From the first line to the last, transcribe the data exactly and skip the pictures.

*EXERCISE DATA*:
=== Section Start ===

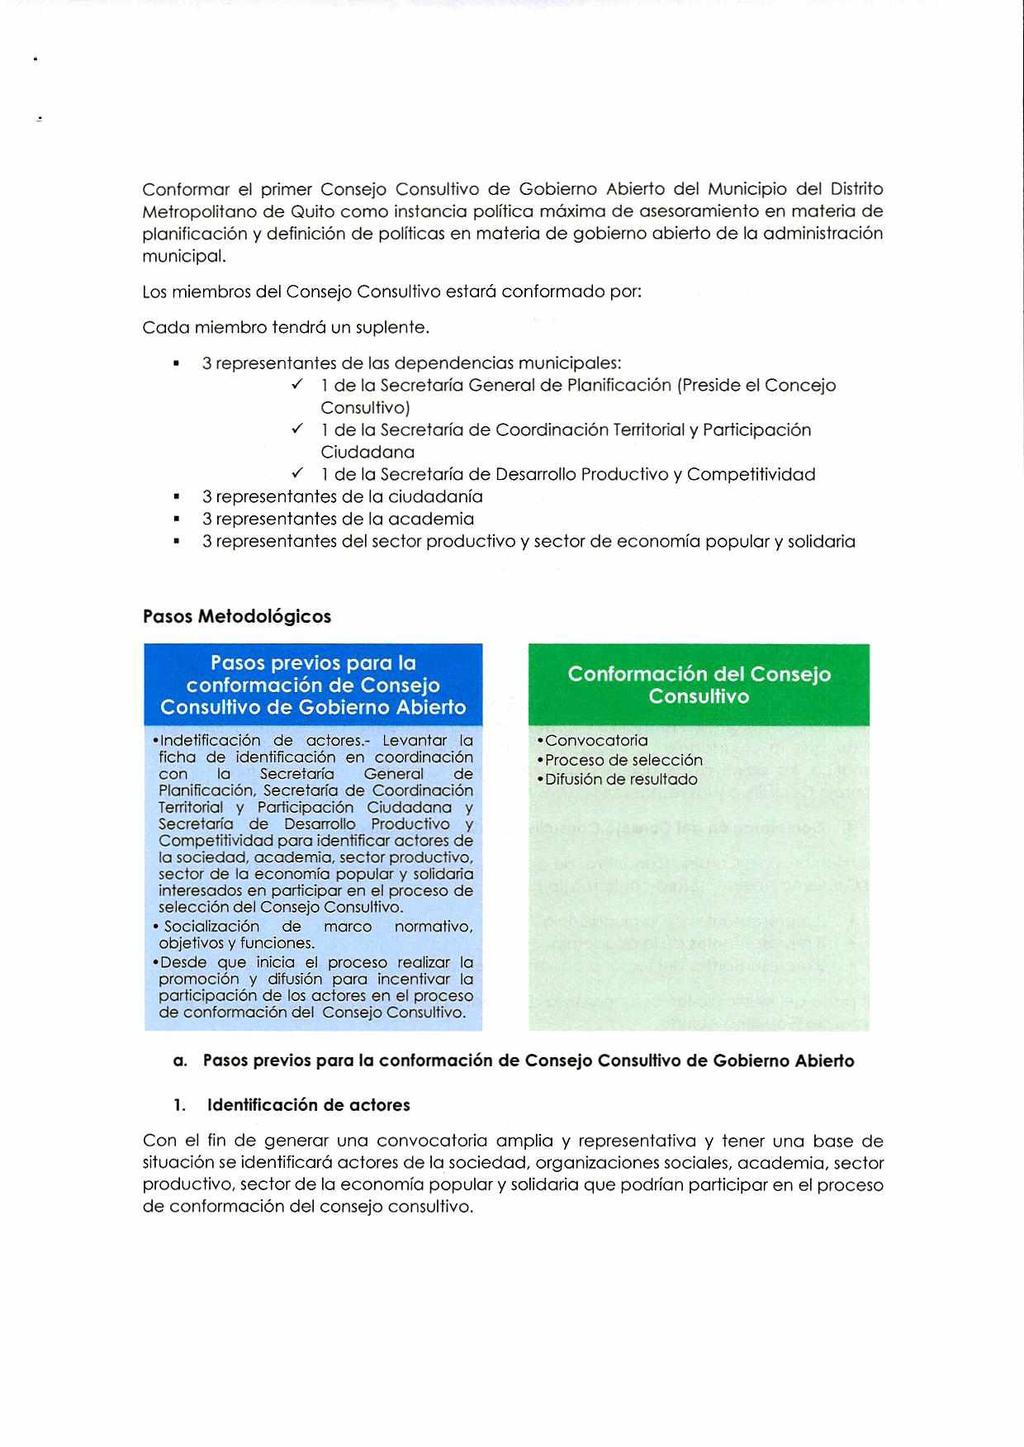 Conformar el primer Consejo Consultivo de Gobierno Abierto del Municipio del Distrito Metropolitano de Quito como instancia política máxima de asesoramiento en materia de planificación y definición
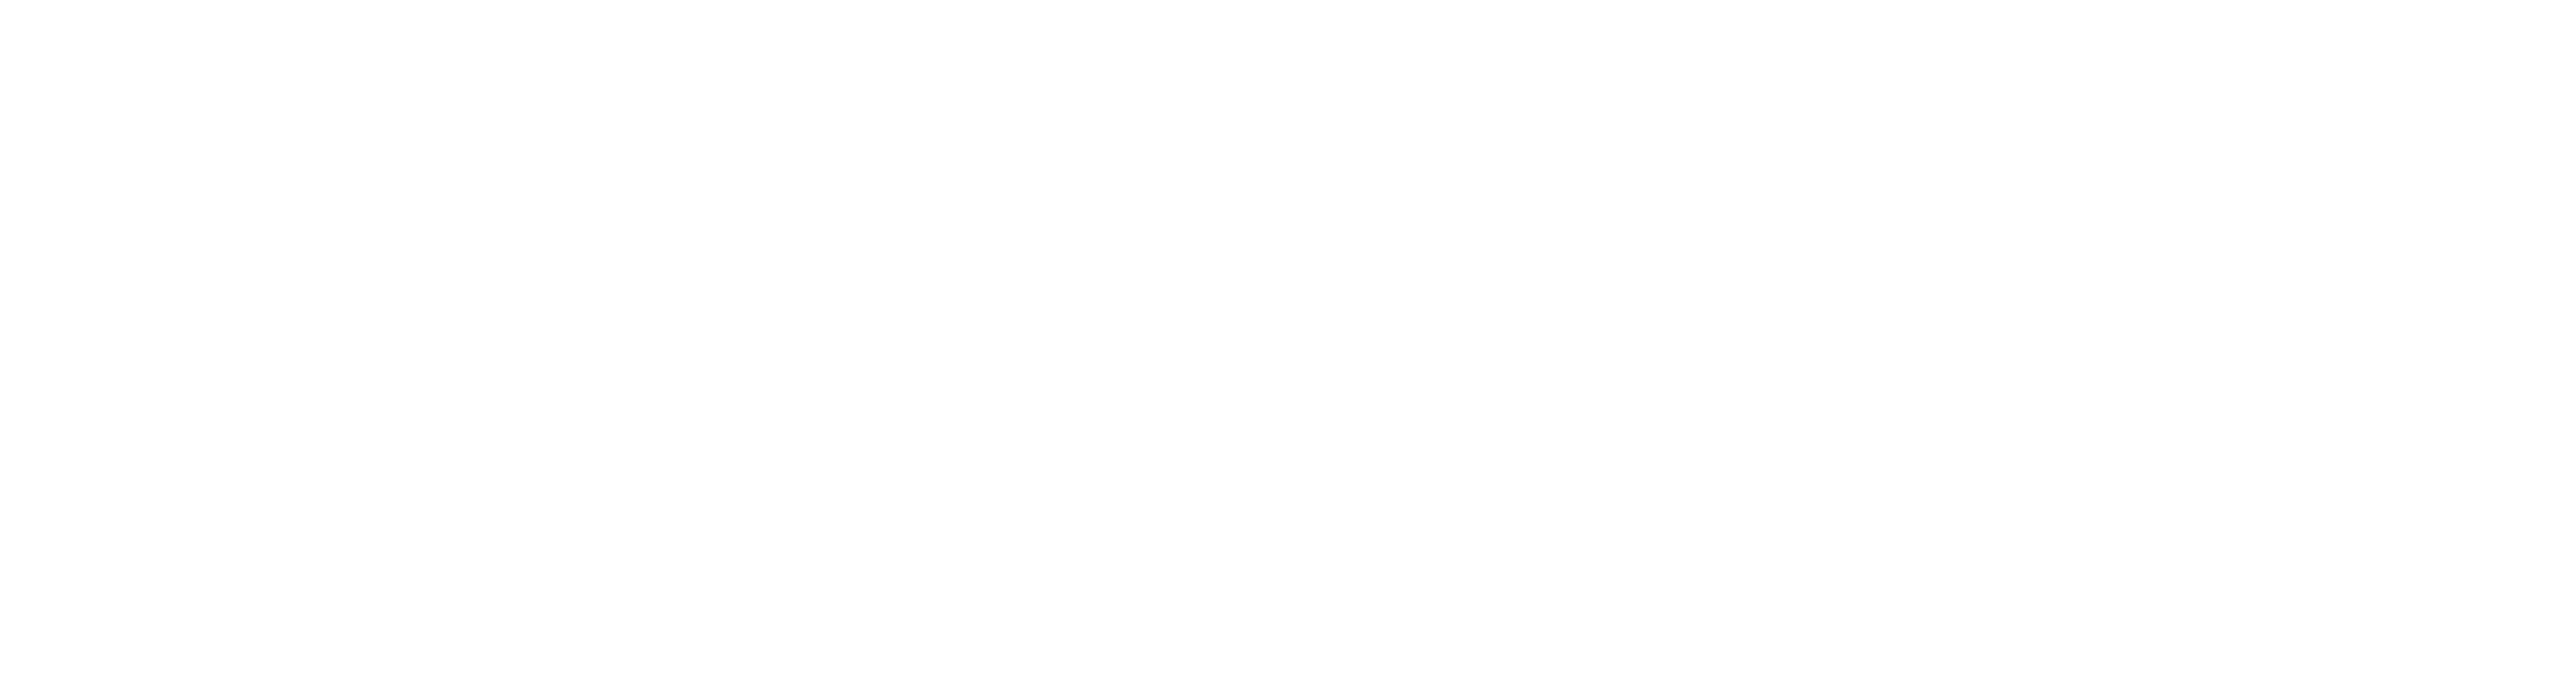 Labhidouille, le FabLab de l'habitat inclusif by Familles Solidaires
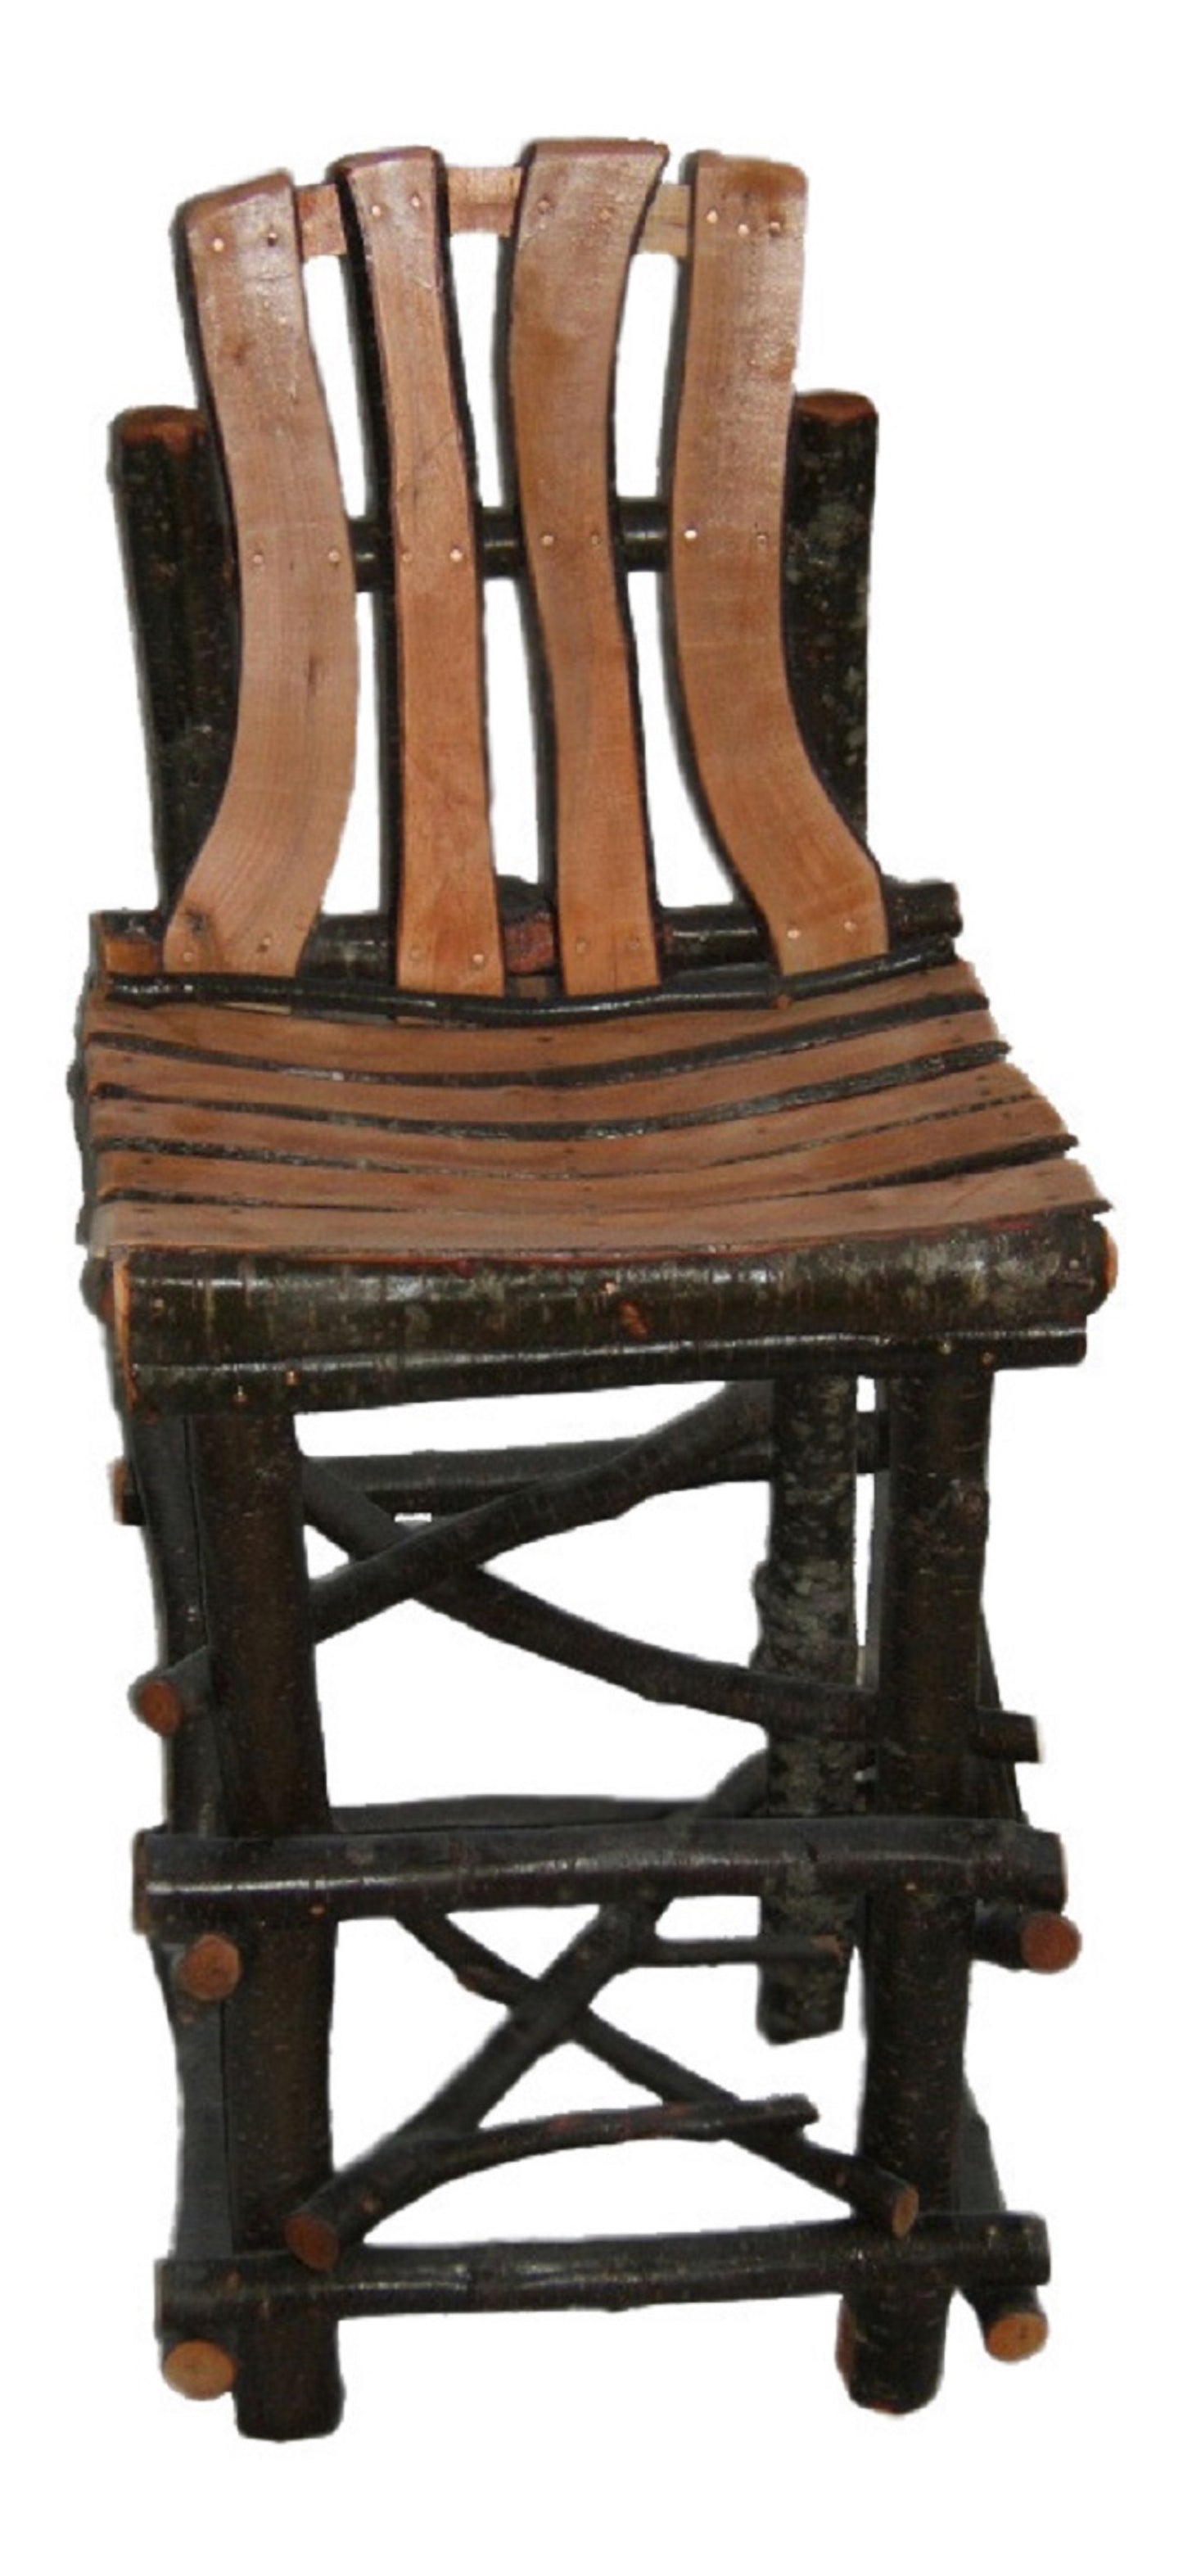 Log & Twig Bar stool

=== Section End ===

*TASK RESULT*:
 Conformar el primer Consejo Consultivo de Gobierno Abierto del Municipio del Distrito Metropolitano de Quito como instancia política máxima de asesoramiento en materia de planificación y definición
 Labhidouille, le FabLab de l'habitat inclusif by Familles Solidaires
 Log & Twig Bar stool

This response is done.